Personal information
- Born: 23 May 1961 (age 65)
- Coaching career: 2000–present

Career history

Coaching
- 2000–2013: Lakeside Lightning
- 2009–2014: Perth Wildcats (assistant)
- 2015–2020: Perth Lynx
- 2026–: Cockburn Cougars (assistant)

Career highlights
- 2× NBL champion (2010, 2014); 4× SBL champion (2005, 2006, 2009, 2013); 2× WNBL Coach of the Year (2016, 2018); 5× SBL Coach of the Year (2007, 2009–2011, 2013);

= Andy Stewart (basketball) =

Australian basketball coach

Andy Stewart (born 23 May 1961) is an Australian basketball coach.

==Early life==
Growing up with his father in the Air Force, Stewart played multiple sports in a number of different locations. He first started playing basketball in Malaysia.

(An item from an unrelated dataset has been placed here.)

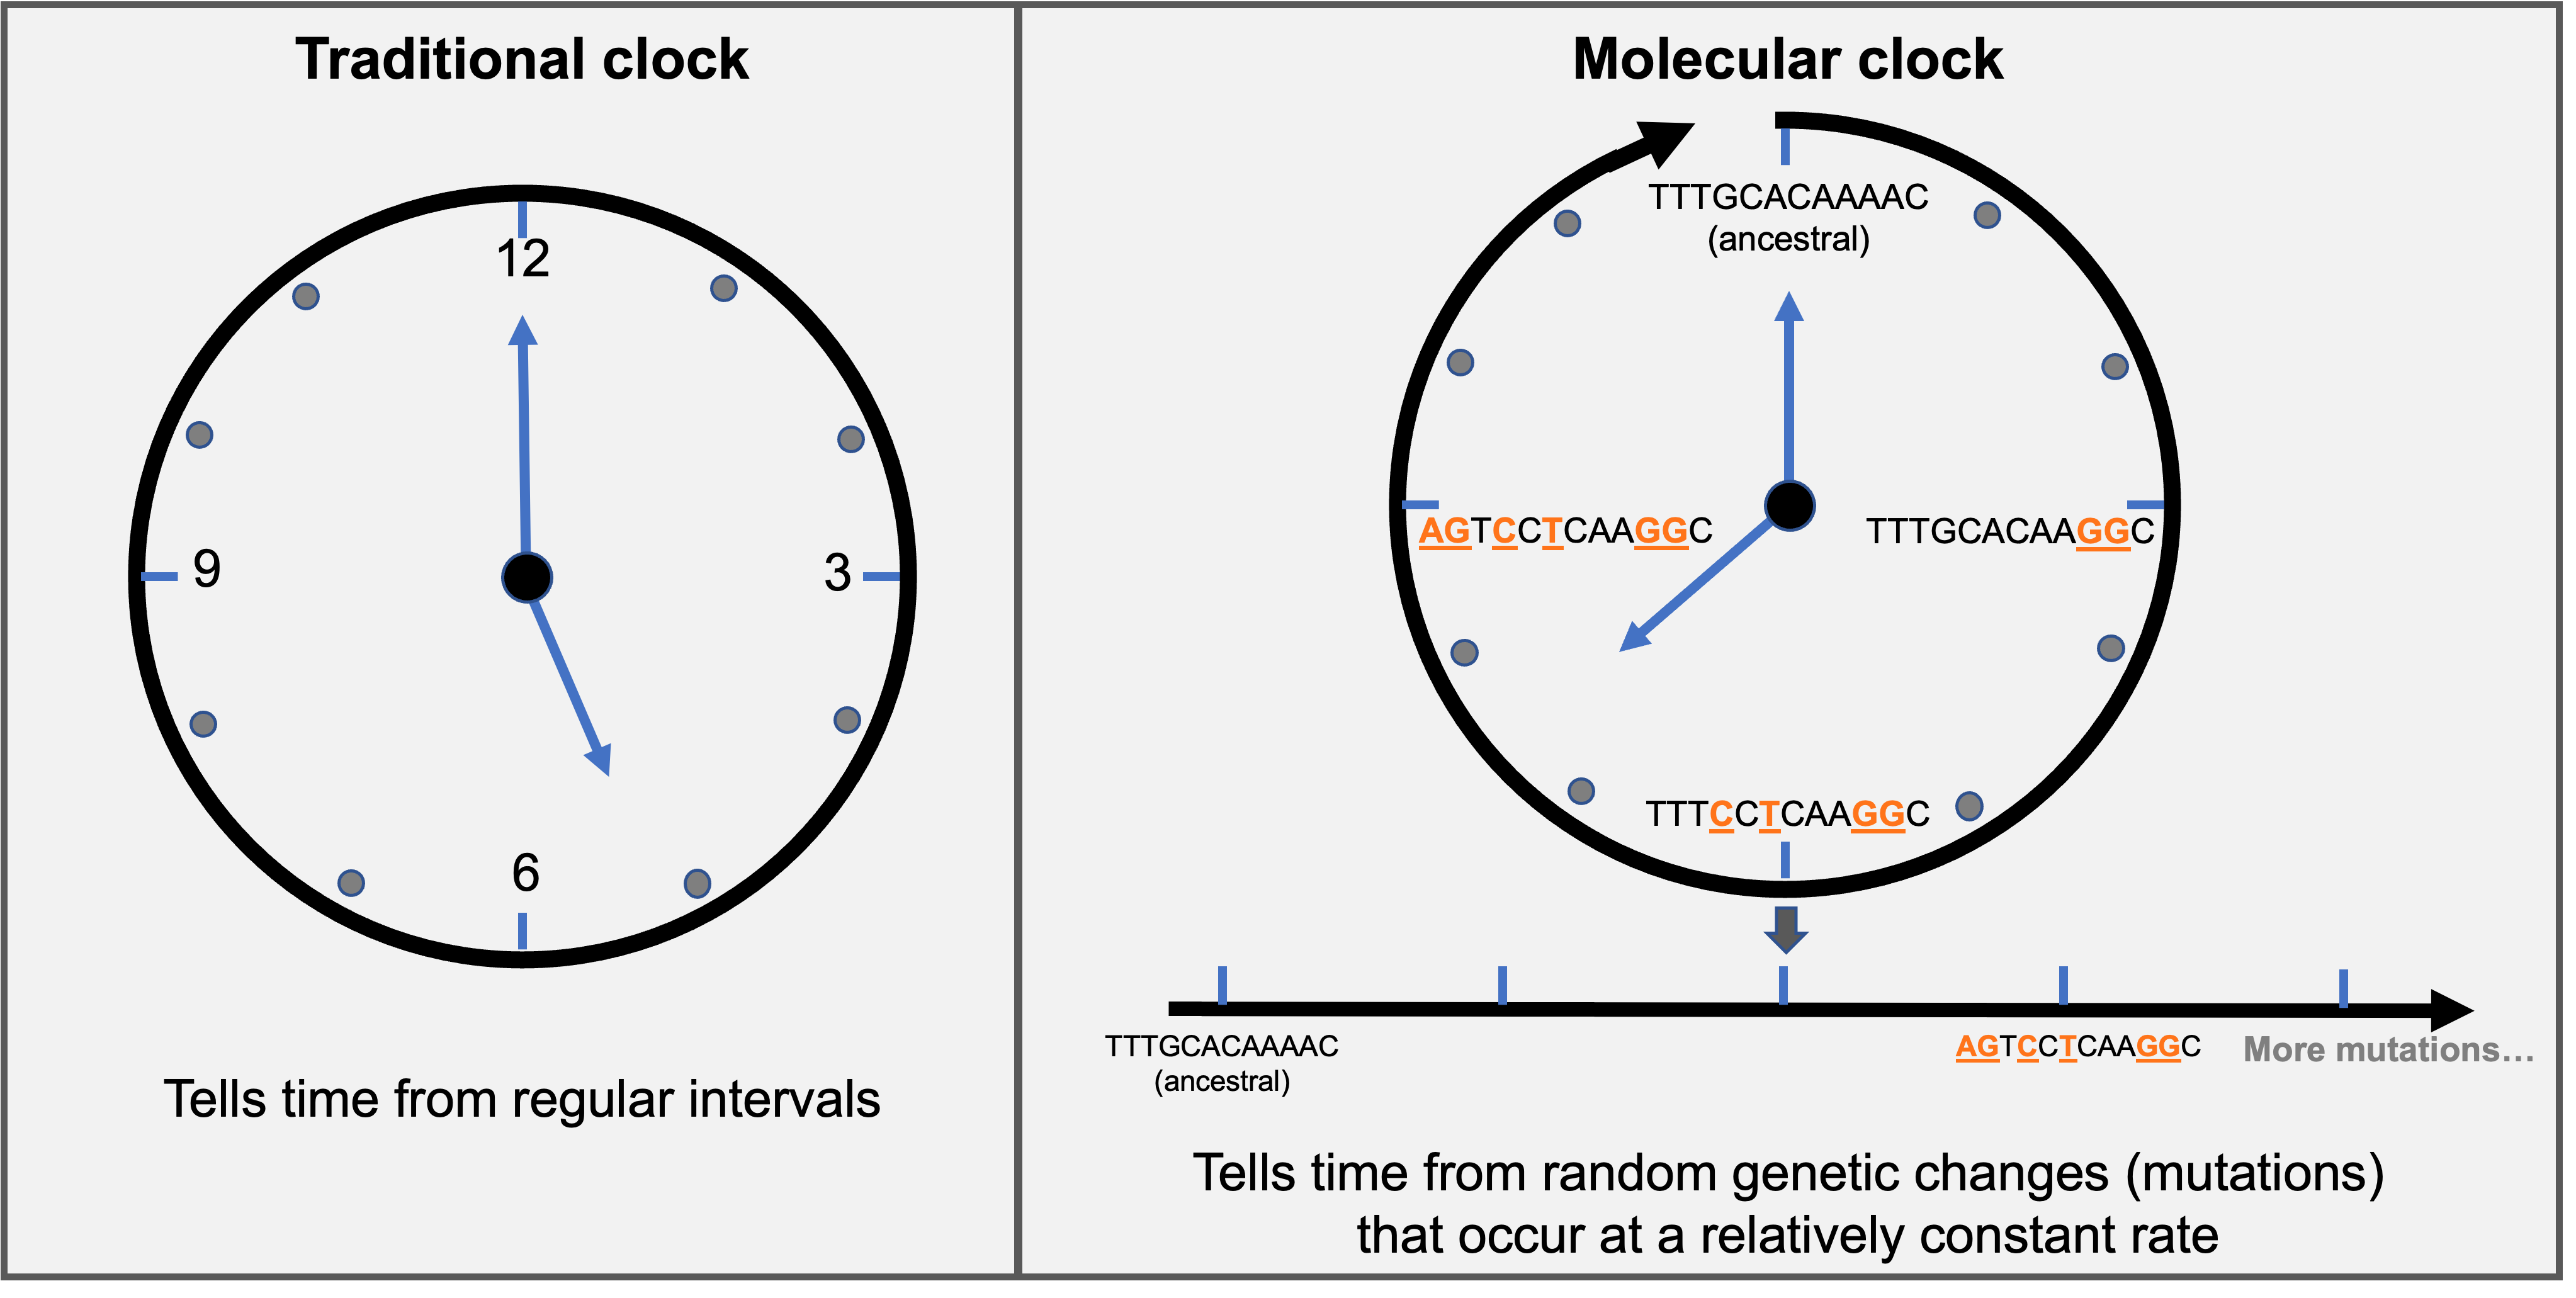 MolecularClock_Schematic.png

In the mid 1990s, Stewart began working as a coach with the Lakeside Lightning and Athletes in Action Australia.

==Coaching career==
===Lakeside Lightning===
In 2000, Stewart became the inaugural head coach of the Lakeside Lightning in the State Basketball League (SBL), guiding them to a grand final berth in their first season. In 2005, he guided the Lightning to their first SBL title, later guiding them to three more championships in 2006, 2009 and 2013. He also earned recognition as the league's Coach of the Year five times between 2007 and 2013. He coached over 400 games for the Lightning. He was subsequently named the Assistant Coach of the 25 Year MSBL All-Star Team.

Following the 2013 season, Stewart parted ways with the Lightning after 14 seasons in charge of the men's team. During this time, he also had stints as head coach of the Lightning women's team in 2003, 2004, 2009 and 2010.

===Perth Wildcats===
Between 2009 and 2014, Stewart served as an assistant coach for the Perth Wildcats under Rob Beveridge and Trevor Gleeson, helping the Wildcats win NBL championships in 2009–10 and 2013–14. In October 2013, he served as head coach of the Wildcats for one game in the absence of Gleeson.

===Perth Lynx===
In April 2015, Stewart was appointed head coach of the Perth Lynx for the 2015–16 WNBL season. In his first season, he guided the Lynx to the grand final series and subsequently earned WNBL Coach of the Year honours.

On 23 April 2016, Stewart re-signed with the Lynx on a two-year deal. The Lynx returned to the finals in 2016–17 with a 15–9 record. In 2017–18, the Lynx had a 14-game win streak and finished atop the WNBL ladder. Stewart was subsequently named WNBL Coach of the Year for the second time.

On 5 July 2018, Stewart signed a two-year extension with the Lynx. He parted ways with the Lynx following the 2019–20 season.

===Cockburn Cougars===
In September 2025, after 12 years away from the SBL/NBL1 West, Stewart was appointed associate head coach of the Cockburn Cougars men's team for the 2026 NBL1 West season.

==Off the court==
Stewart has served on both the Basketball WA Board and the SBL Commission. He also served as Lakeside Recreation Centre Manager, earning the 2003 WA Male Administrator of the Year at the Basketball Australia Junior Awards Presentations.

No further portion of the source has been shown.